Task brief: Start to finish, return the listing below exactly, pictures excluded.

Information provided:
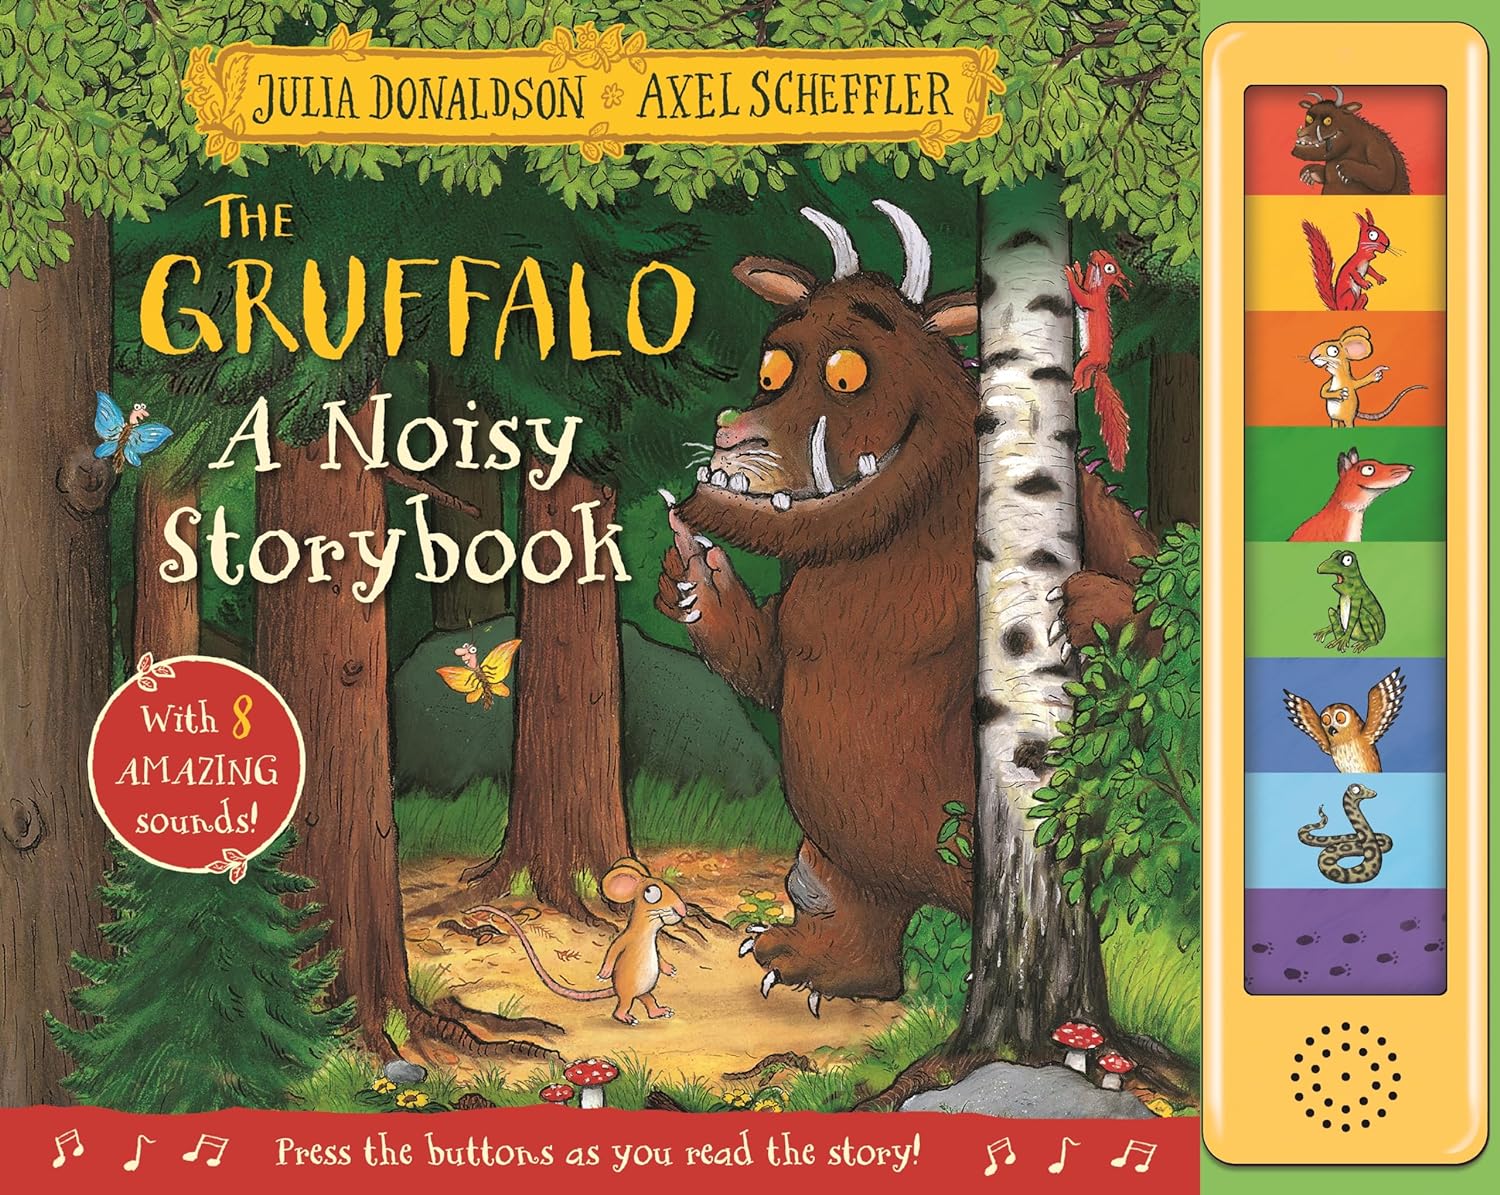 The Gruffalo: A Noisy Storybook (8 Amazing Sounds!)
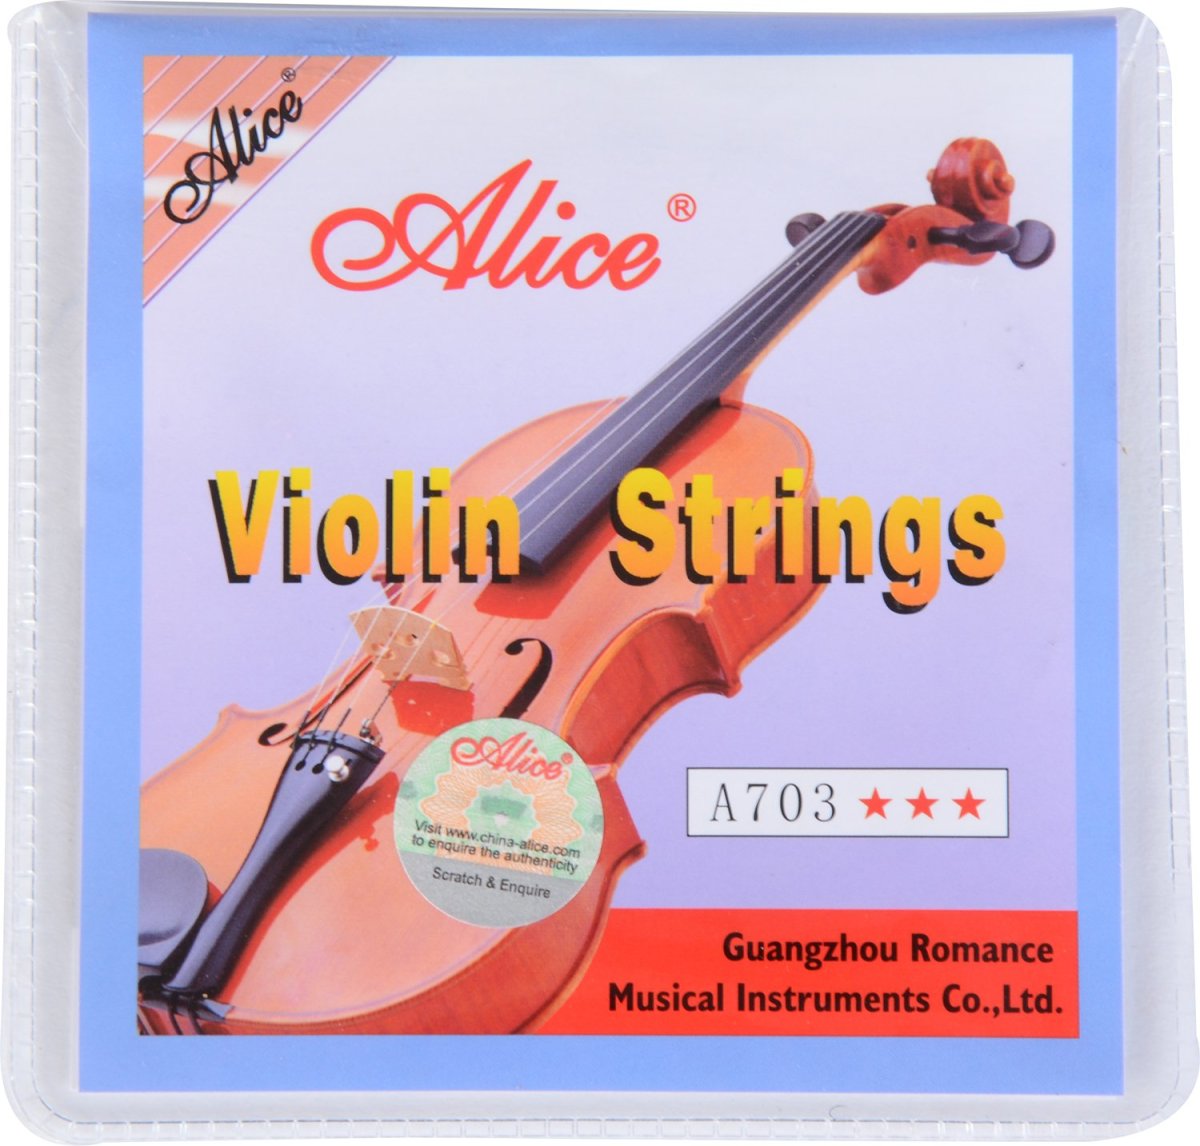 premium-violin-strings-thomastik-vision-titanium-solo-violin-strings-set-review
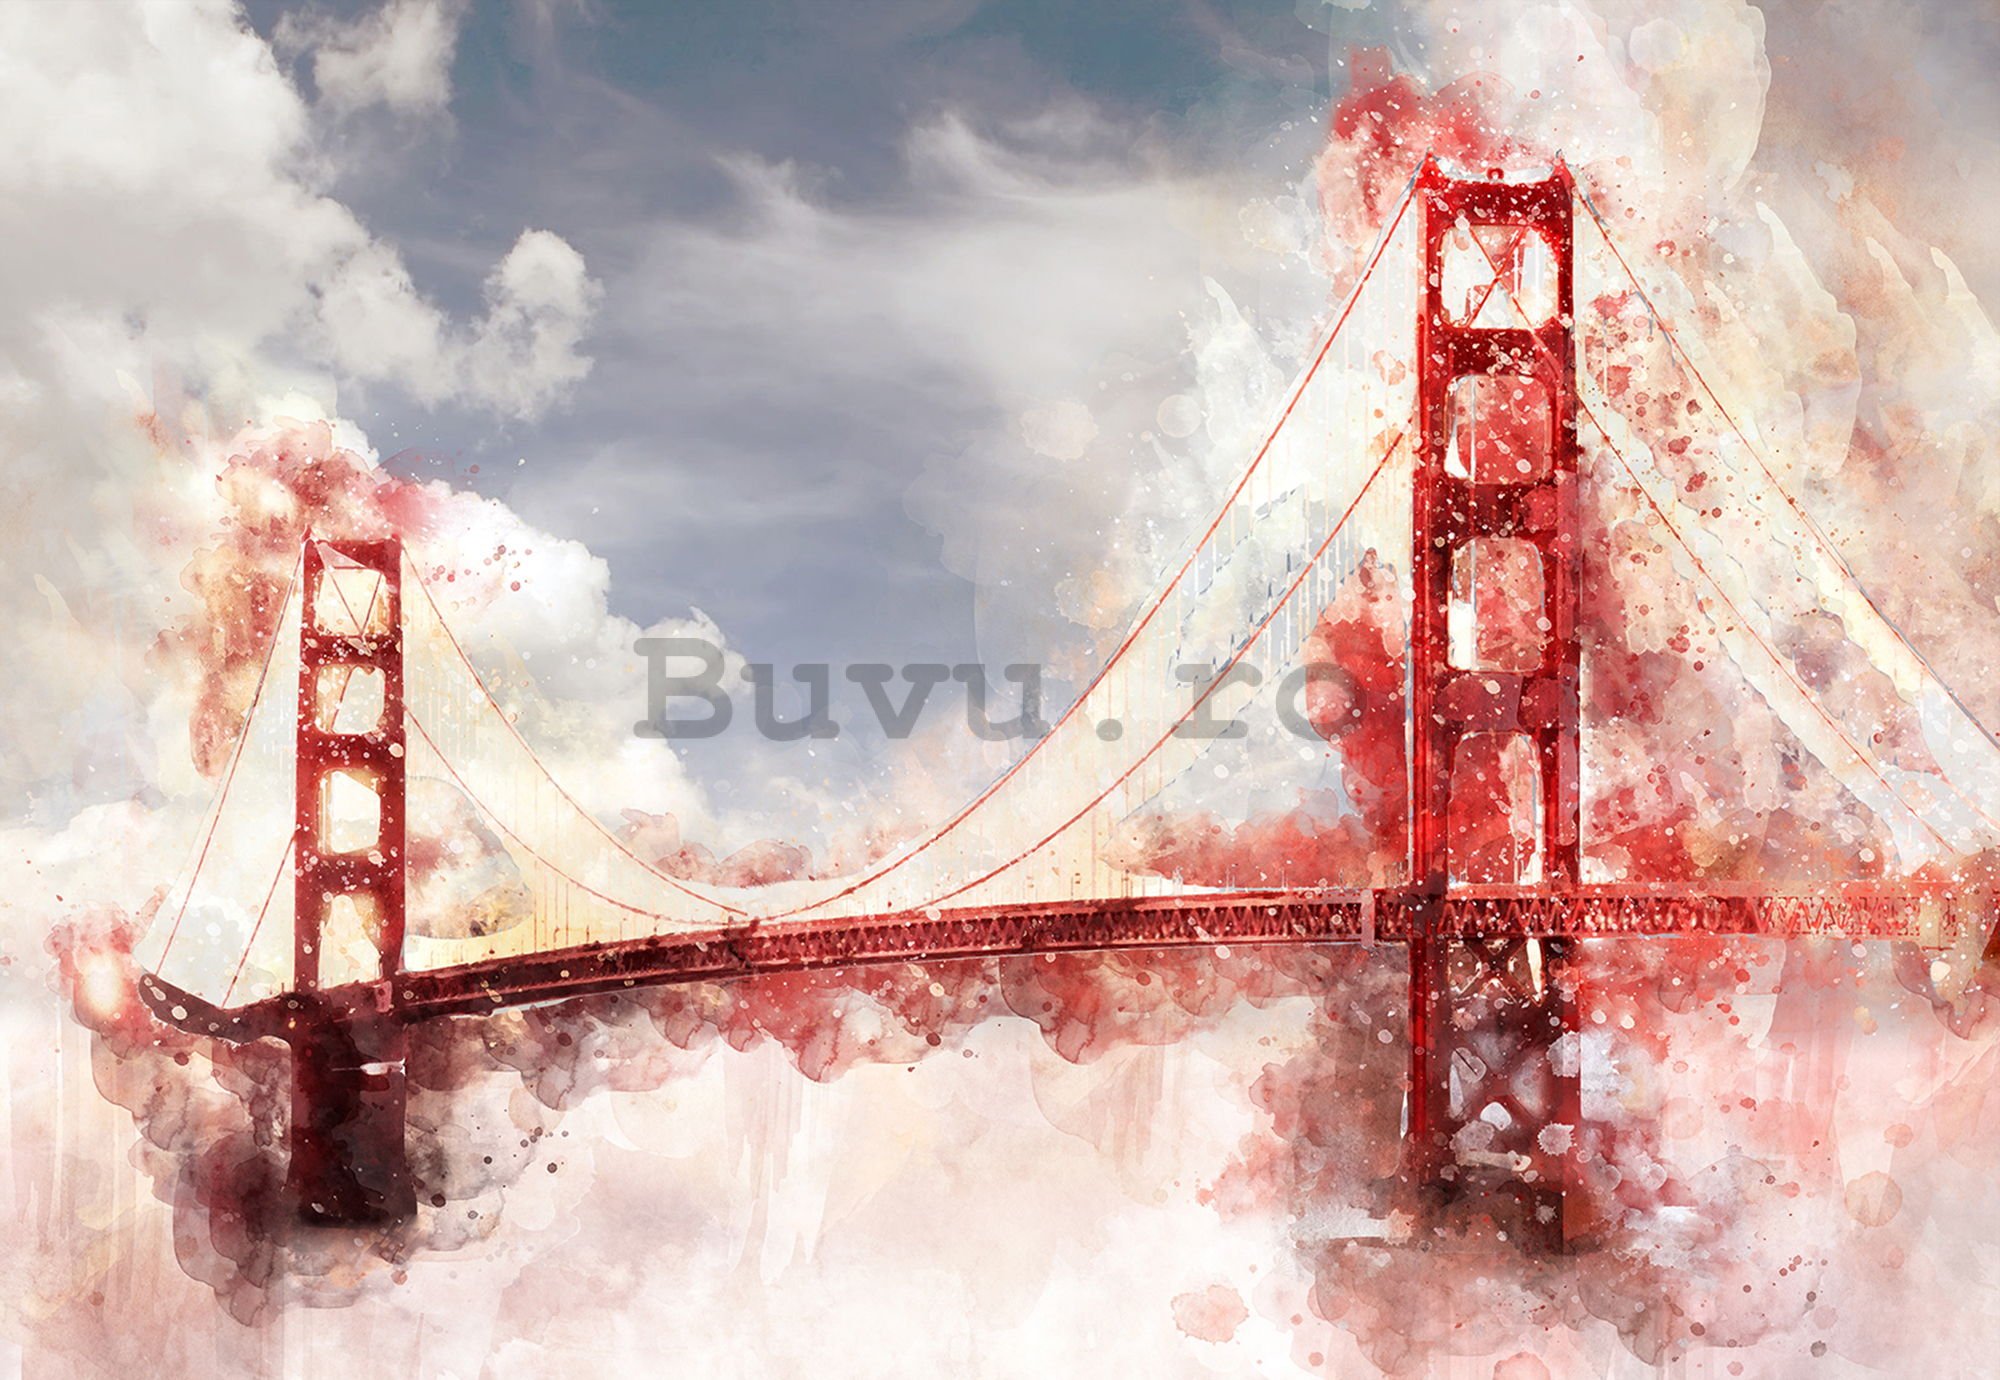 Fototapet vlies: Golden Gate Bridge (pictata) - 184x254 cm

Solved problem:
 The Gruffalo: A Noisy Storybook (8 Amazing Sounds!)
 premium-violin-strings-thomastik-vision-titanium-solo-violin-strings-set-review
 Fototapet vlies: Golden Gate Bridge (pictata) - 184x254 cm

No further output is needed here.